Try it
Only what runs from the line with "#transformation #mystory #getinspired" to the end of the data should appear in the answer, exactly as written and without pictures.

====== Dataset extract ======

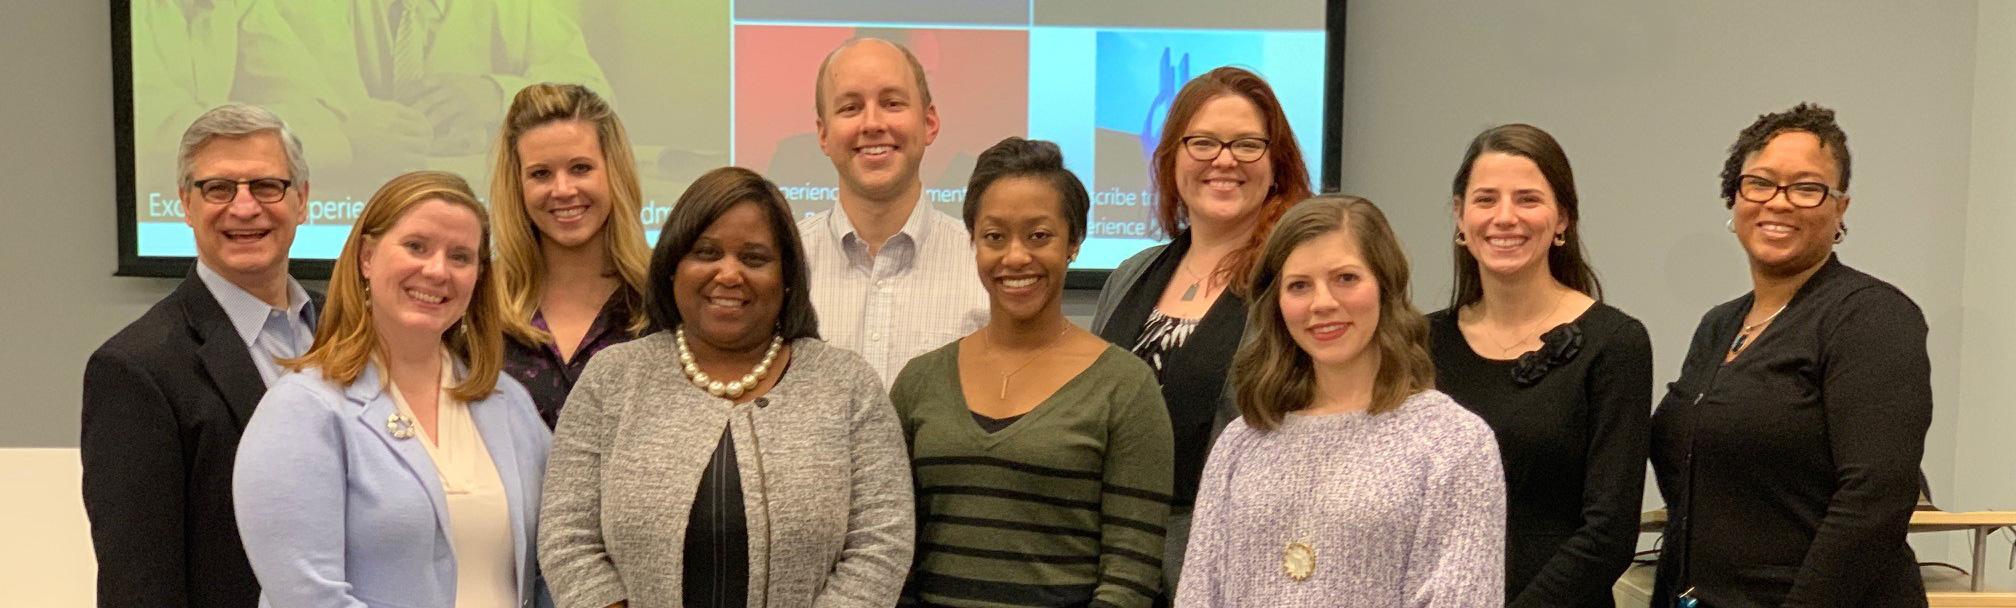 Community Relations team 2019
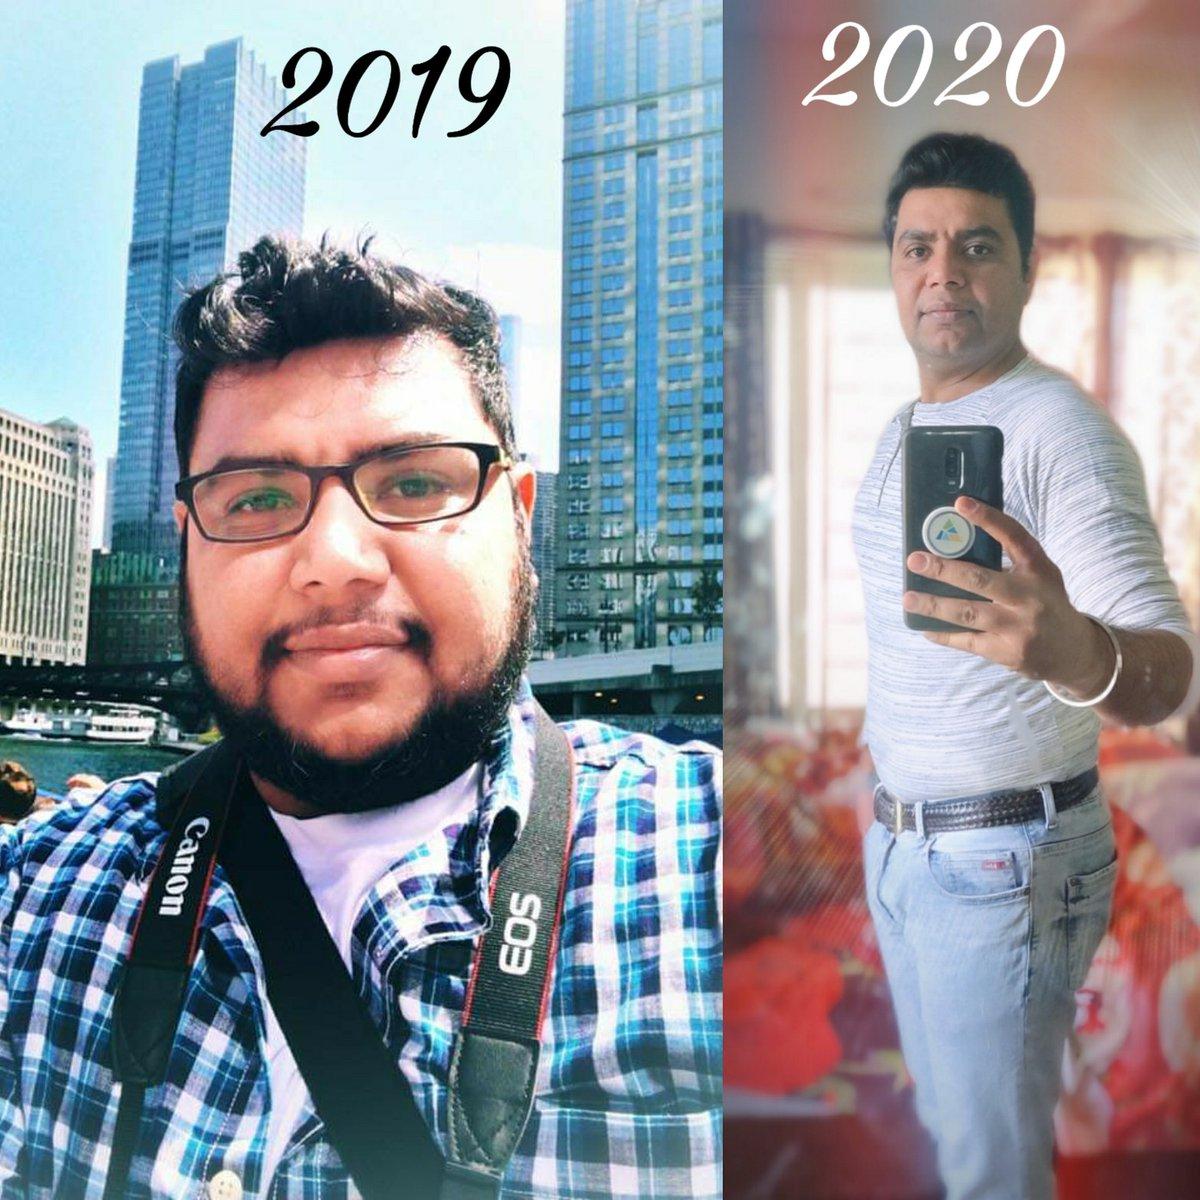 #transformation #mystory #getinspired #fitindiamovement #fitindia #yogalife #eatright #weightloss #weightlosstransformation
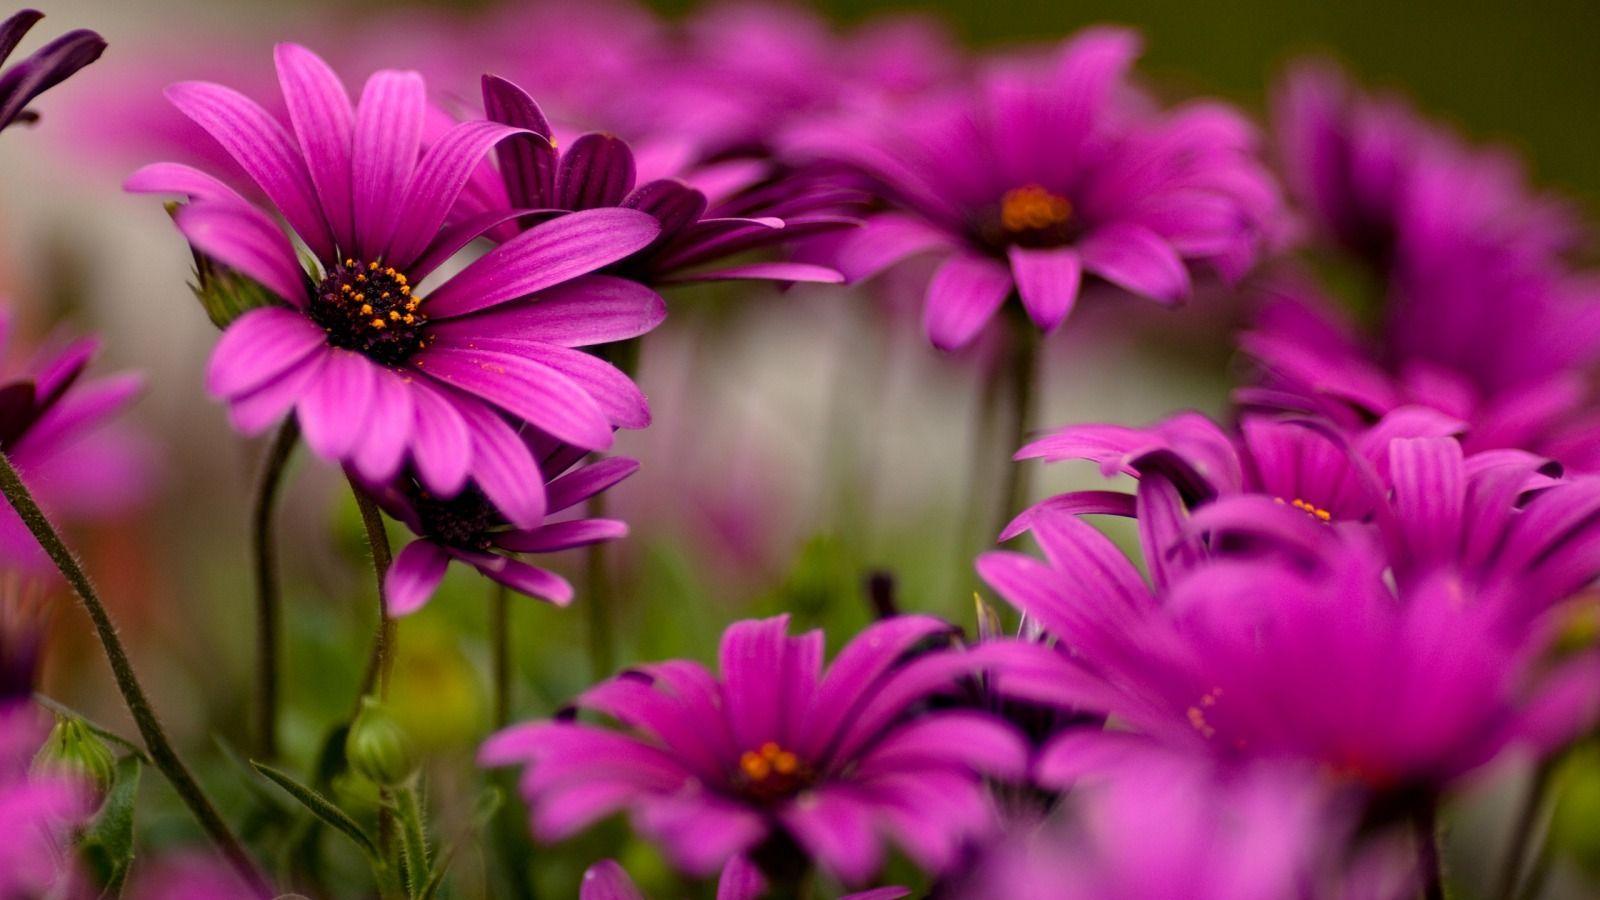 Desktop Flower Backgrounds Group   Data-src /img/252360 - Beautiful Wallpapers Of Flowers - HD Wallpaper

======

Answer below
 #transformation #mystory #getinspired #fitindiamovement #fitindia #yogalife #eatright #weightloss #weightlosstransformation
 Desktop Flower Backgrounds Group   Data-src /img/252360 - Beautiful Wallpapers Of Flowers - HD Wallpaper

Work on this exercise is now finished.